The retriever uses top 4 results to fetch the four most similar chunks for each query. The chain_type="stuff" strategy concatenates all retrieved documents into a single prompt — simple and effective for most cases. For very large documents, consider chain_type="map_reduce" which processes chunks in parallel.

# Query the RAG pipeline
result = qa_chain.invoke({
    "query": "What are the key steps in the deployment process?"
})

print(result["result"])

8. Implement Hybrid Search

Pure vector search excels at semantic similarity but can miss documents that use different vocabulary than the query. Hybrid search blends vector similarity with traditional BM25 keyword matching, giving you the best of both worlds.

LangChain provides EnsembleRetriever which combines multiple retrievers and merges their results using Reciprocal Rank Fusion (RRF). You'll need to set up a BM25 retriever alongside your Chroma retriever.

from langchain_community.retrievers import BM25Retriever
from langchain.retrievers import EnsembleRetriever

# BM25 keyword-based retriever
bm25_retriever = BM25Retriever.from_texts(
    texts=[chunk.page_content for chunk in chunks]
)
bm25_retriever.k = 2

# Vector retriever
vector_retriever = vectorstore.as_retriever(search_kwargs={"k": 2})

# Combine with Reciprocal Rank Fusion
ensemble_retriever = EnsembleRetriever(
    retrievers=[bm25_retriever, vector_retriever],
    weights=[0.4, 0.6]  # favor vector search slightly
)

The weights=[0.4, 0.6] parameter gives slightly more weight to vector similarity, which tends to be more semantically meaningful. Tune these values based on your domain — technical documentation often benefits from higher BM25 weight since exact terminology matters.

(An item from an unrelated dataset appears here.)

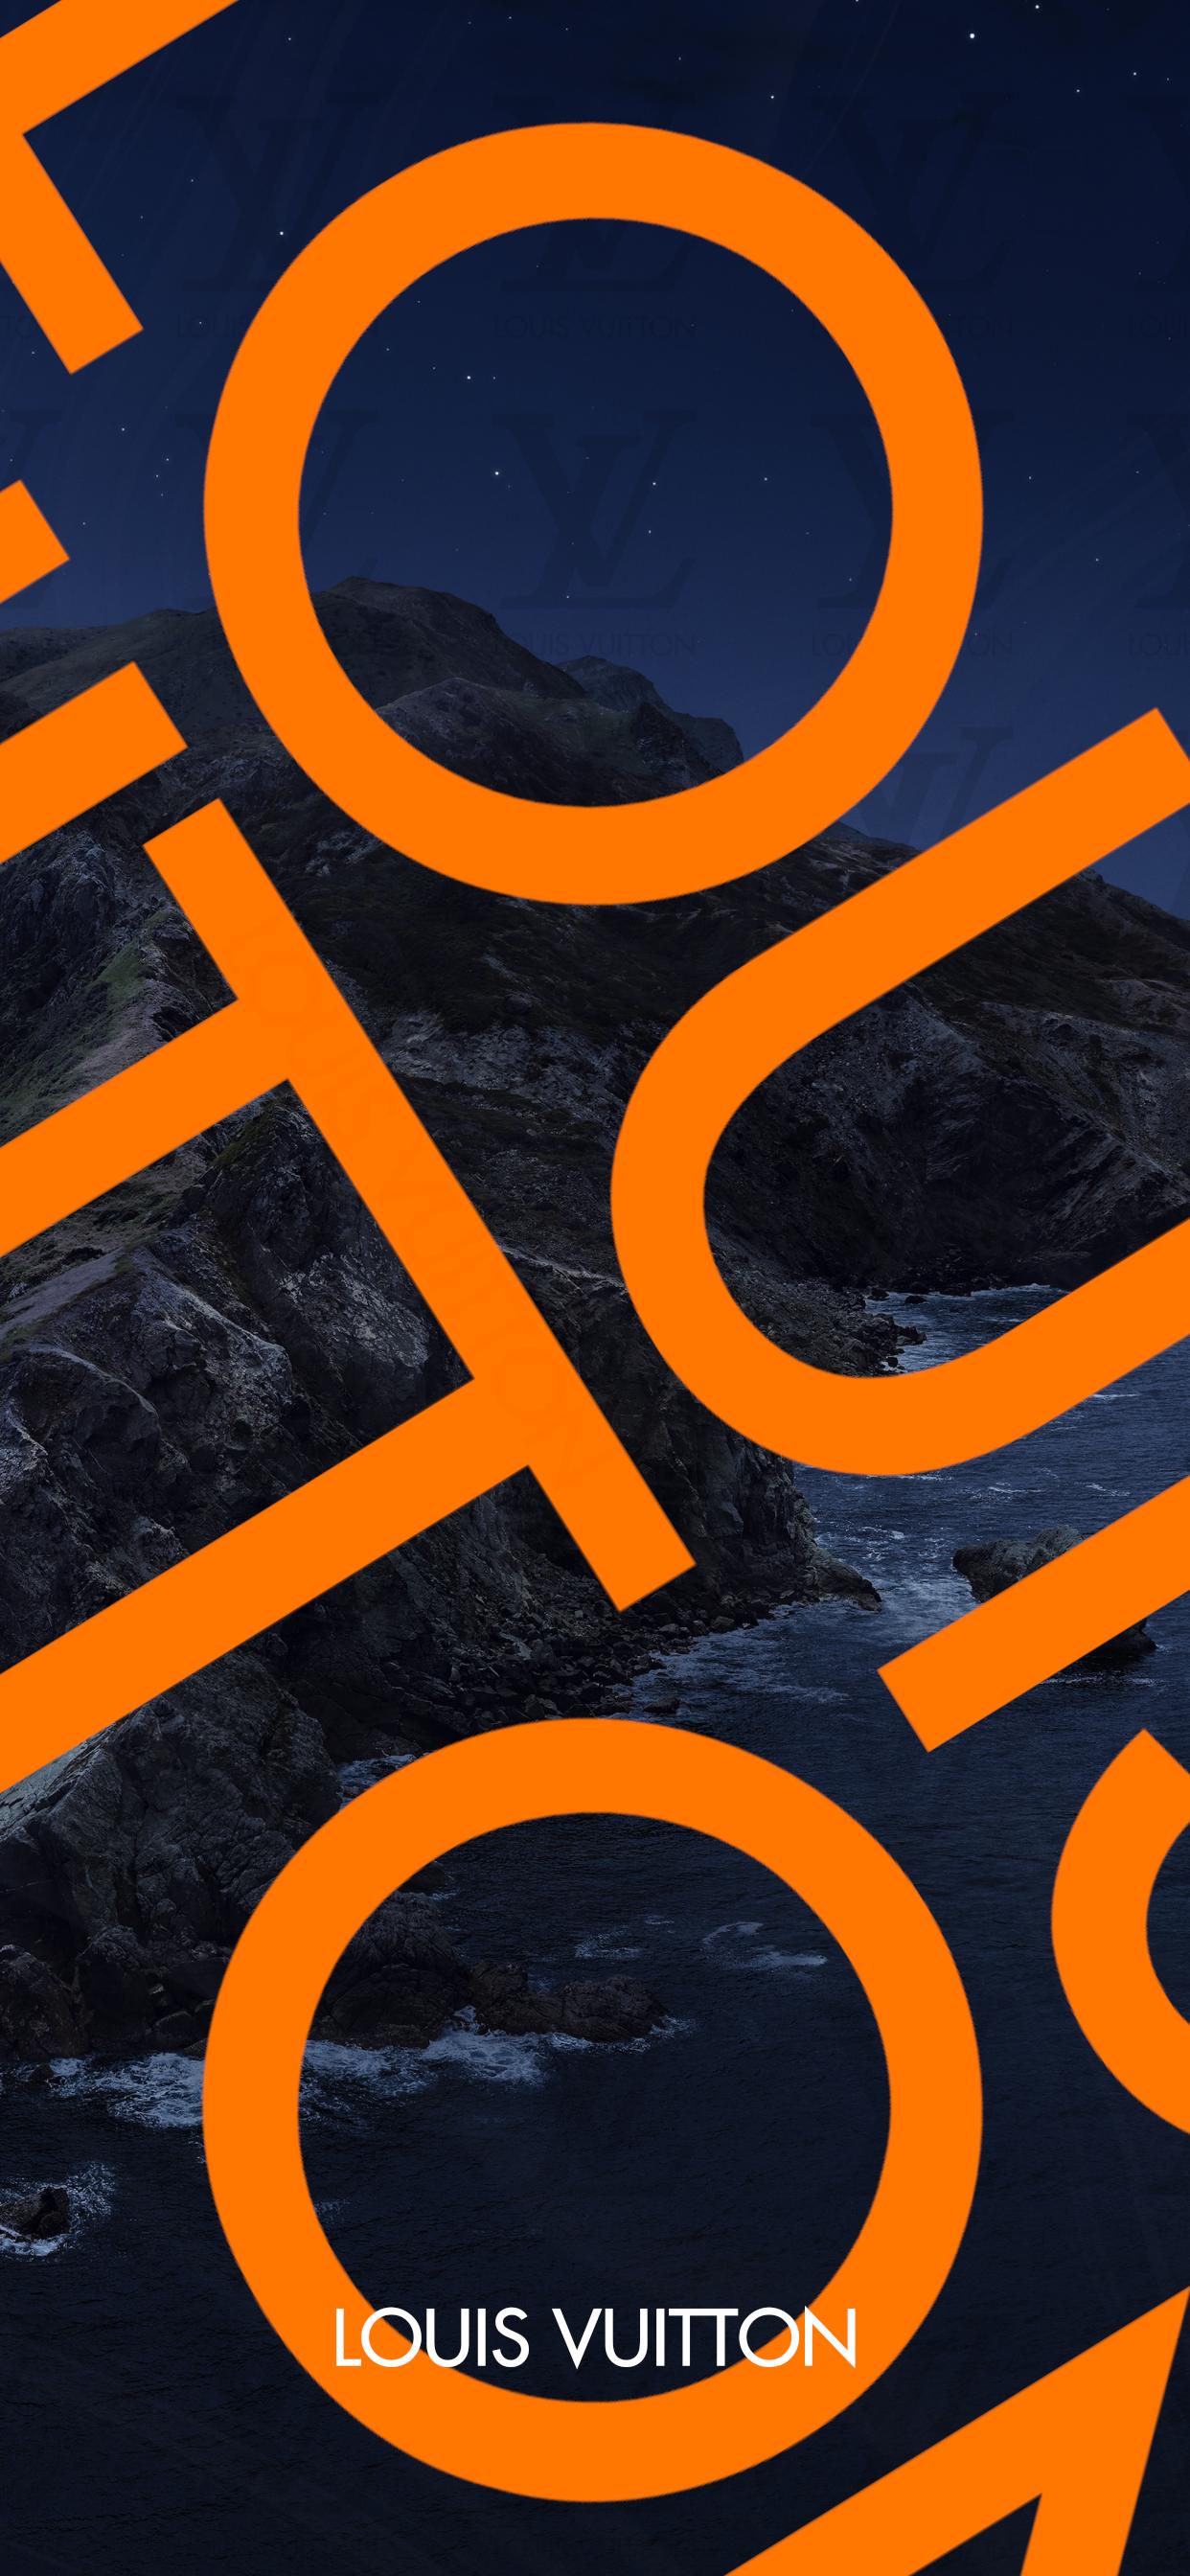 LOUIS_VUITTON iPhone X Ratio Series Wallpaper 배경화면, 아이폰

qa_chain = RetrievalQA.from_chain_type(
    llm=llm,
    chain_type="stuff",
    retriever=ensemble_retriever
)

Summary: Your ChromaDB RAG Pipeline

Building a ChromaDB RAG pipeline with LangChain is a matter of connecting the right abstractions. Load documents with a LangChain loader, split them with RecursiveCharacterTextSplitter, embed them using OpenAI or a local sentence-transformer model, store them in Chroma, and wire everything to an LLM via RetrievalQA. Adding hybrid search via EnsembleRetriever improves recall when queries use domain-specific terminology that pure semantic search might miss.

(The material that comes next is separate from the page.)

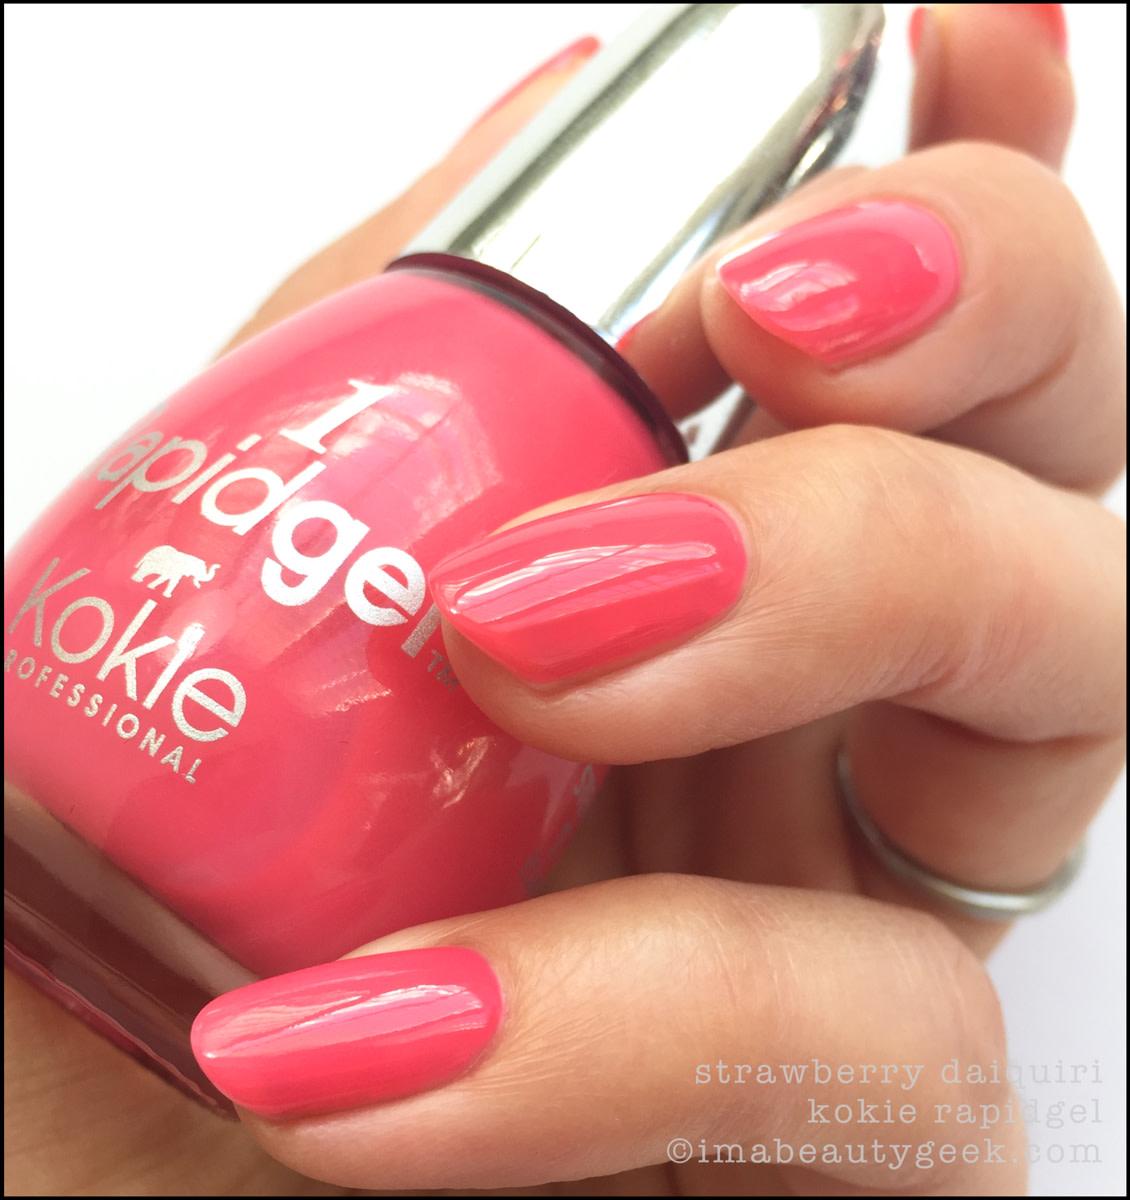 Kokie Nail Polish Strawberry Daiquiri_Kokie Nail Polish Swatches Review

This stack — ChromaDB + LangChain + OpenAI (or a local LLM) — forms the backbone of most production RAG systems. It runs equally well in a Next.js + FastAPI architecture where the React frontend handles the UI and streaming, while the Python backend manages the vector store and LLM calls securely.

Ready to go further? Add conversation memory with ConversationalRetrievalChain, implement metadata filtering to scope searches by source or date, or swap ChromaDB for a cloud vector database like Pinecone or Weaviate when you need horizontal scaling.